SUPPLIED ENTRIES:

:::

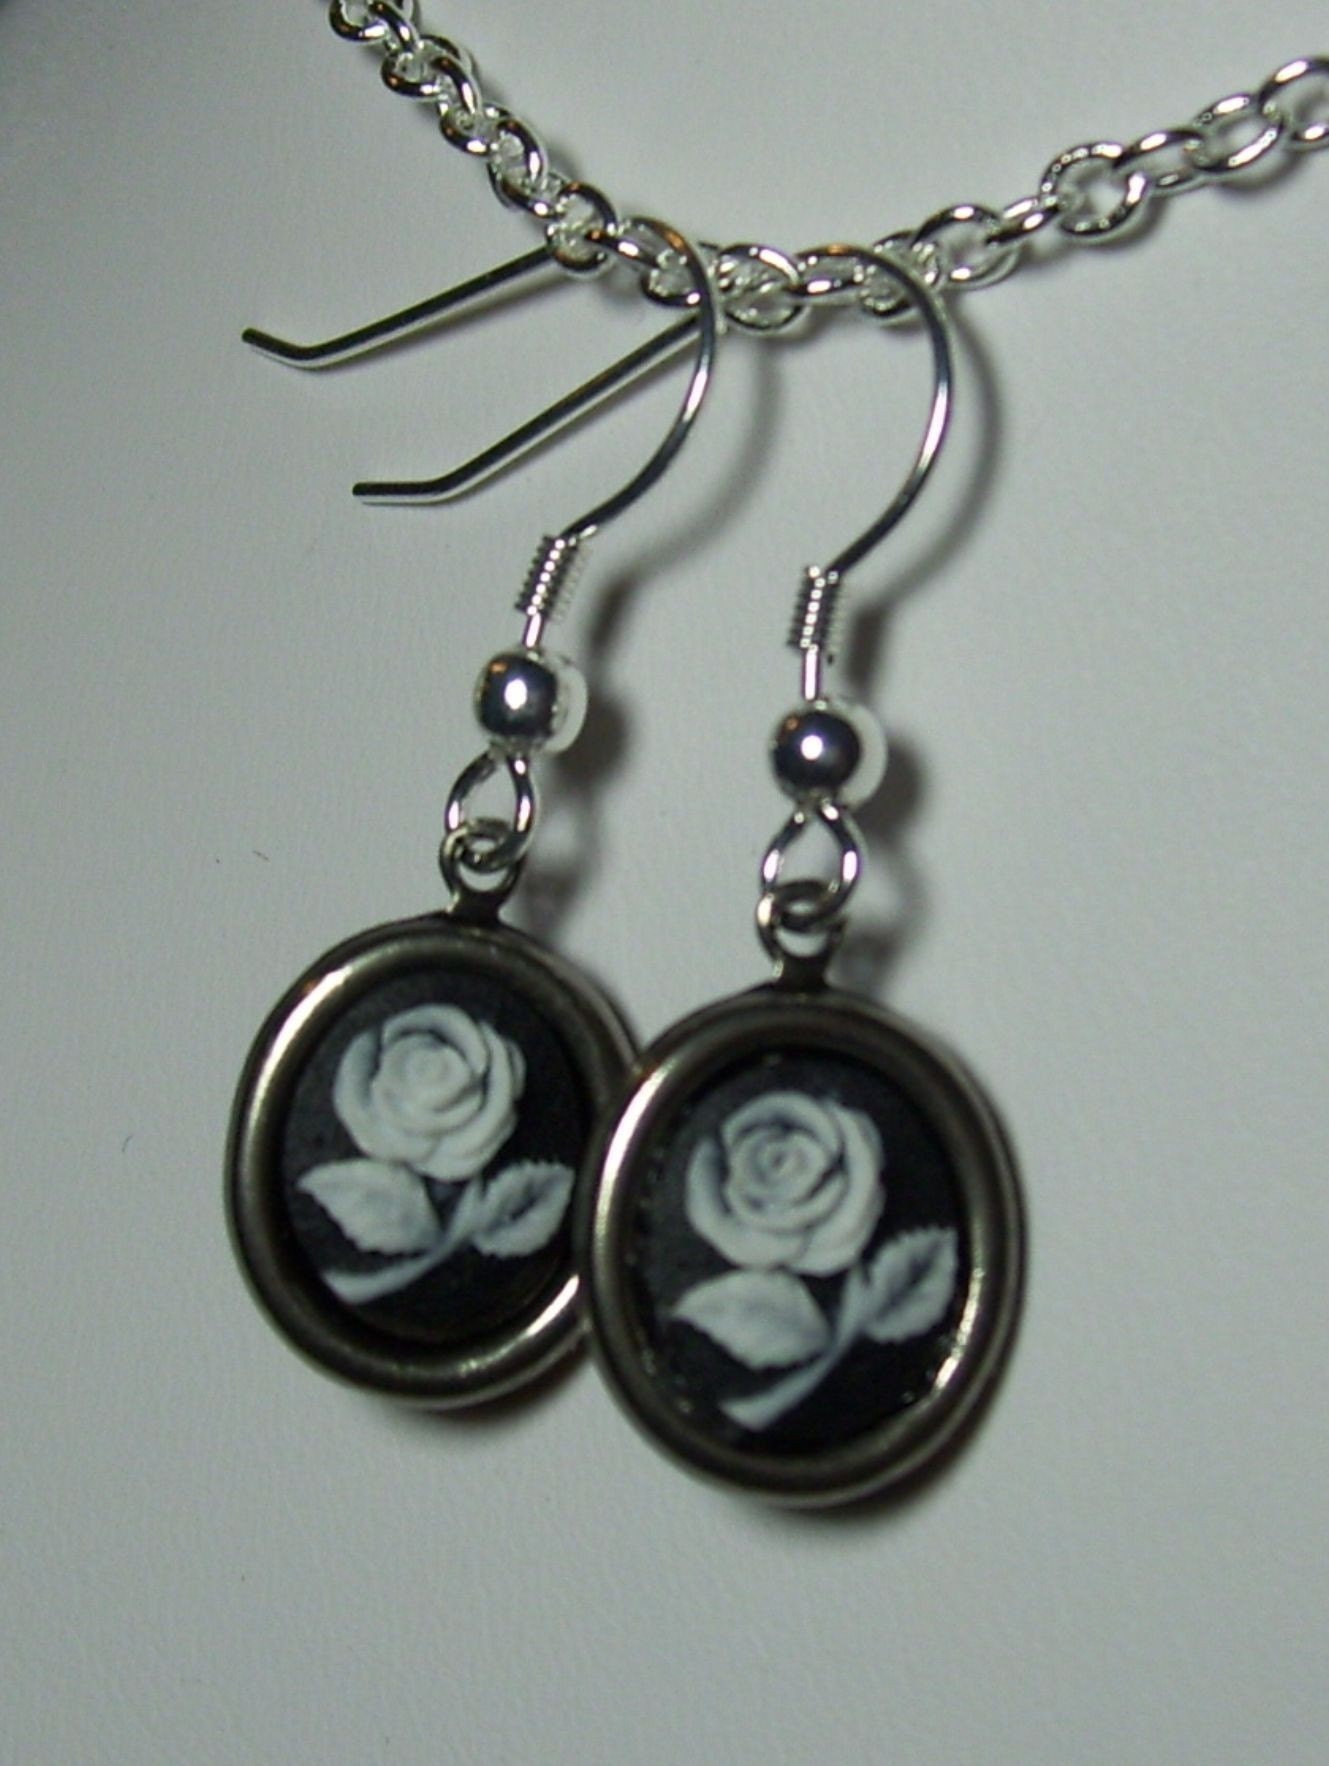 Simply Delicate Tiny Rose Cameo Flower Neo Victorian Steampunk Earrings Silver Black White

:::

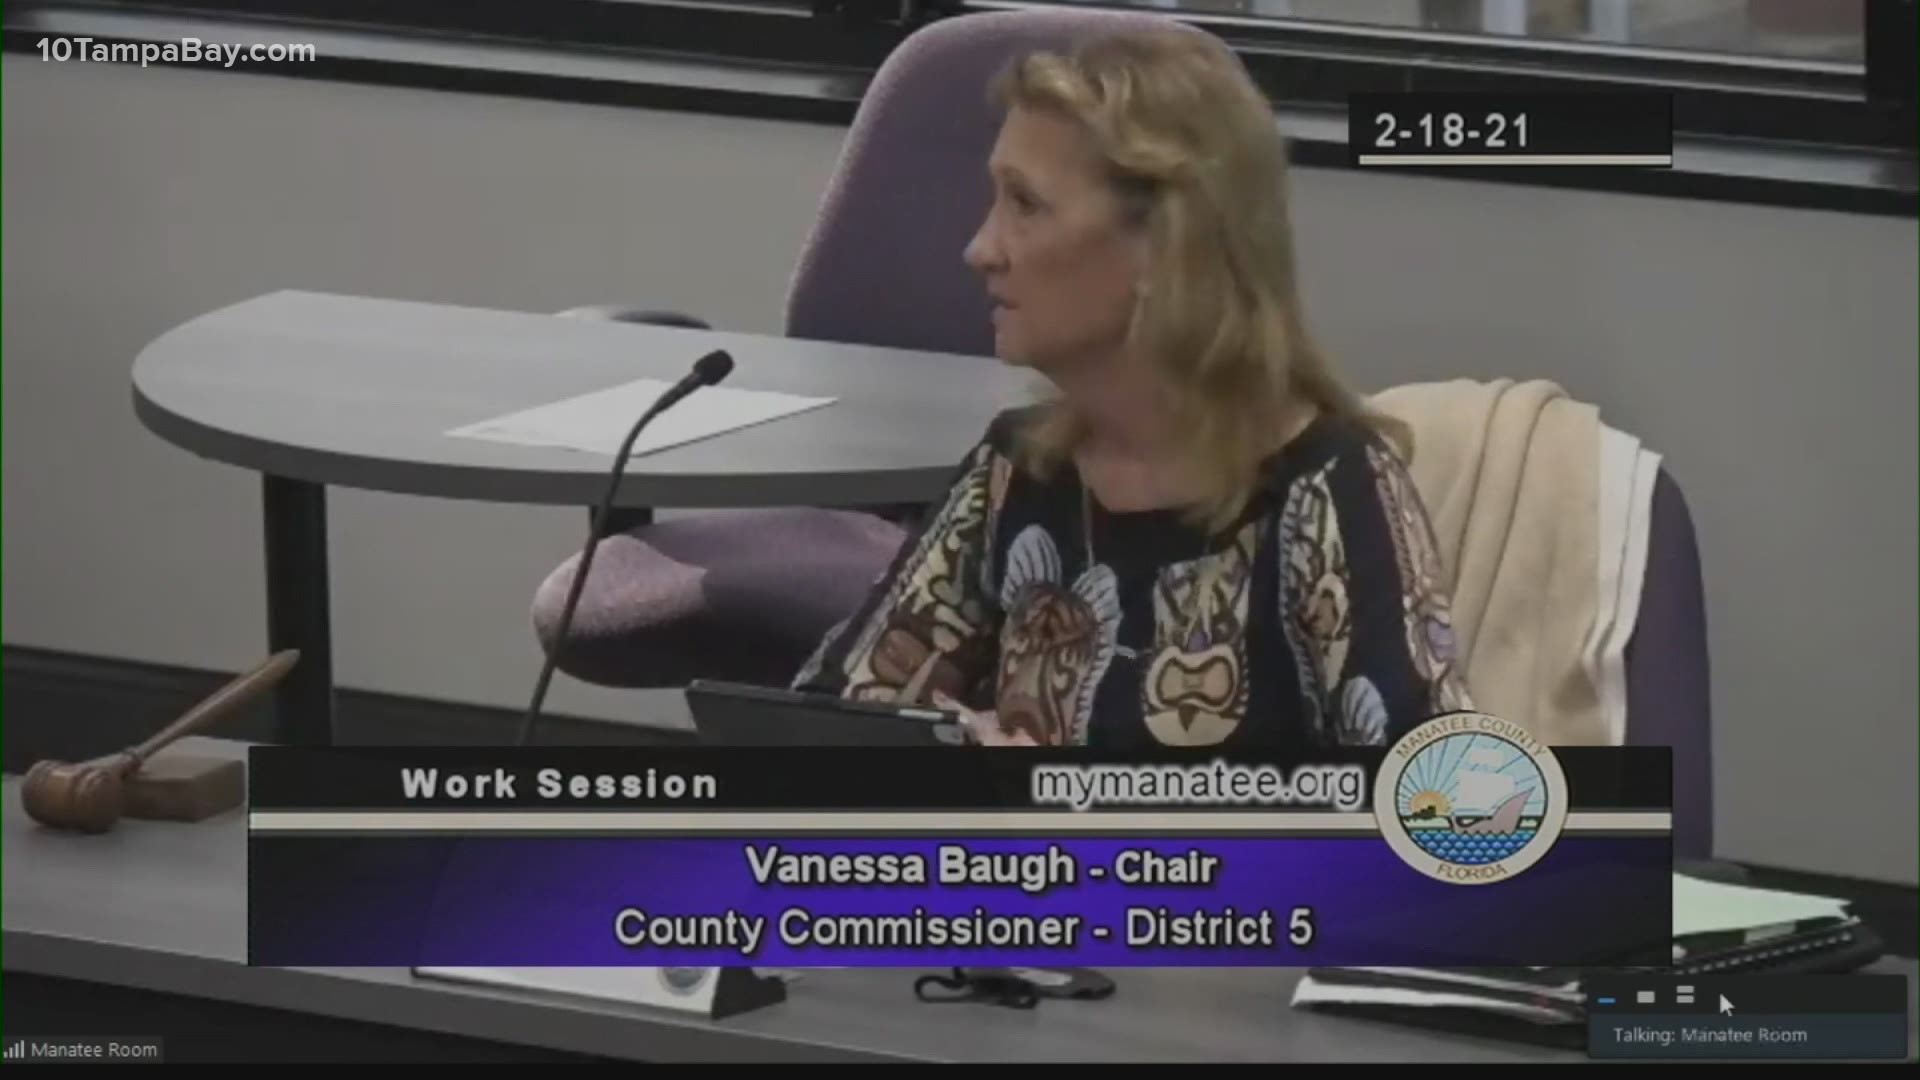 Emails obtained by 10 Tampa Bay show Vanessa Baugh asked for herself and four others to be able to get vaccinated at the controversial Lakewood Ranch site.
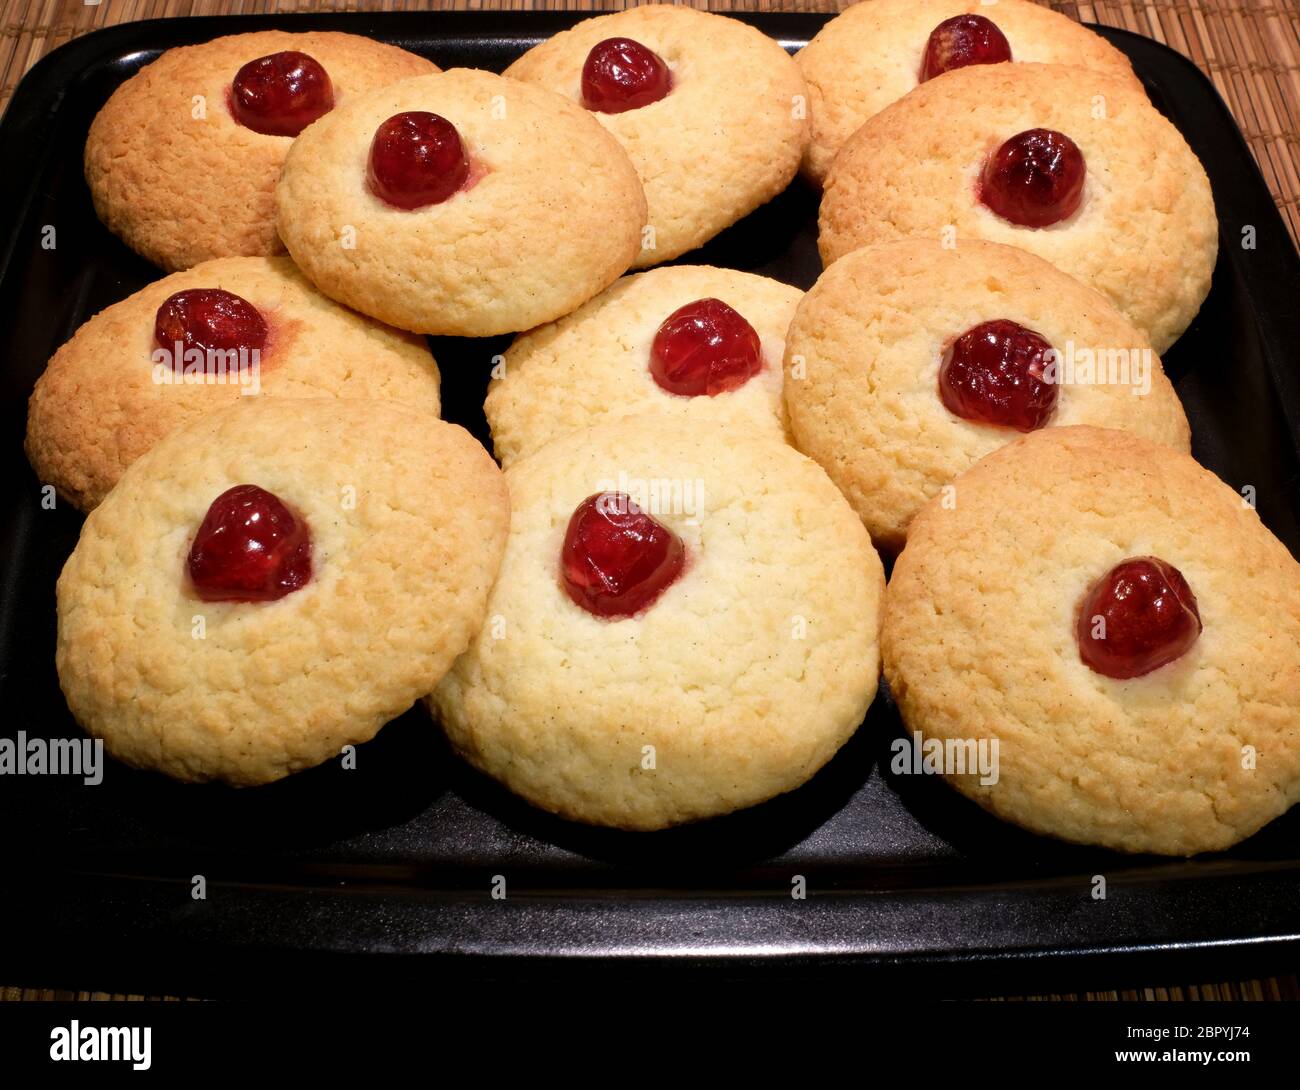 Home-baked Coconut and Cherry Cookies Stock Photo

:::

WHAT YOU SHOULD DO: Your answer should consist of the lines above between those holding "Emails obtained by" and "Home-baked Coconut and", inclusive, reproduced word for word and without pictures.

TASK SOLUTION:
 Emails obtained by 10 Tampa Bay show Vanessa Baugh asked for herself and four others to be able to get vaccinated at the controversial Lakewood Ranch site.
 Home-baked Coconut and Cherry Cookies Stock Photo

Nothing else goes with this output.